Some people refer to this kind of tool as “SSH-in-a-loop.” Many of them do use SSH to connect to target machines, so this isn’t completely inaccurate. But they typically have more advanced features as well, to make it easier to script them, to define groupings of servers to run commands on, or to integrate with other tools.
Although it is useful to be able to run ad hoc commands interactively across servers, this should only be done for exceptional situations. Manually running a remote command tool to make changes to servers isn’t reproducible, so isn’t a good practice for infrastructure as code.
Example 4-1. Sample MCollective command
$mco service httpd restart -S
"environment=staging and /apache/"
If people find themselves routinely using interactive tools, they should consider how to automate the tasks they’re using them for. The ideal is to put it into a configuration definition if appropriate. Tasks that don’t make sense to run unattended can be scripted in the language offered by the team’s preferred remote command tool.
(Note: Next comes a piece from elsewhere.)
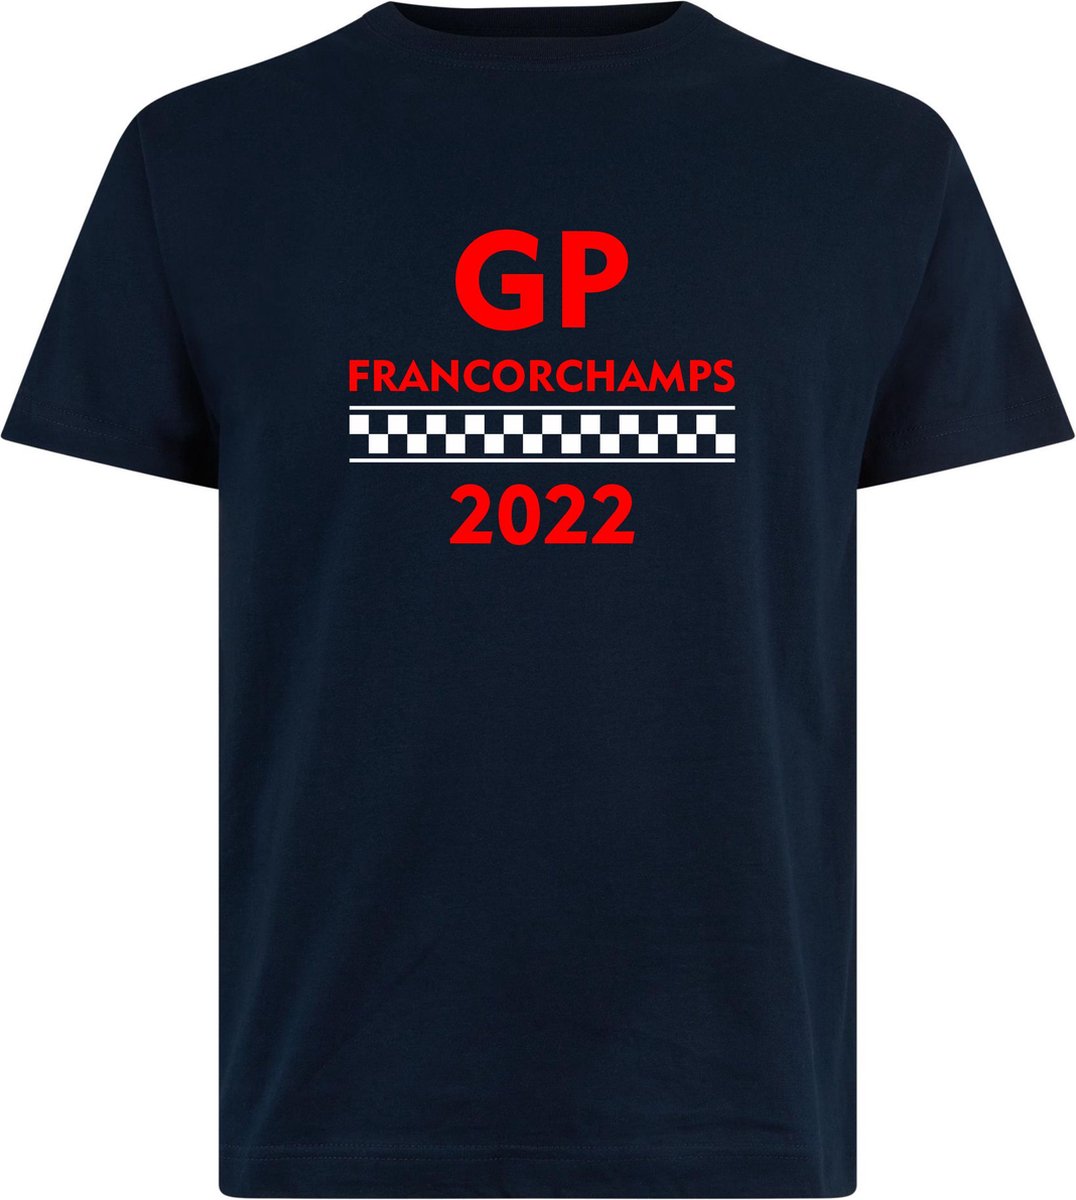 T-shirt kinderen GP Francorchamps 2022 | Max Verstappen / Red Bull Racing / Formule 1 fan | Grand Prix Circuit Spa-Francorchamps | kleding shirt | Navy | maat 104

The danger of using scripting languages with these tools is that over time they can grow into a complicated mess. Their scripting languages are designed for fairly small scripts and lack features to help manage larger codebases in a clean way, such as reusable, shareable modules. Server configuration tools are designed to support larger codebases, so they are more appropriate.
Using Configuration from a Central Registry
Chapter 3 described using a configuration registry to manage information about different elements of an infrastructure. Server configuration definitions can read values from a configuration registry in order to set parameters (as described in “Reusability with Configuration Definitions”).
For example, a team running VMs in several data centers may want to configure monitoring agent software on each VM to connect to a monitoring server running in the same data center. The team is running Chef, so they add these attributes to the Chef server as shown in Example 4-2.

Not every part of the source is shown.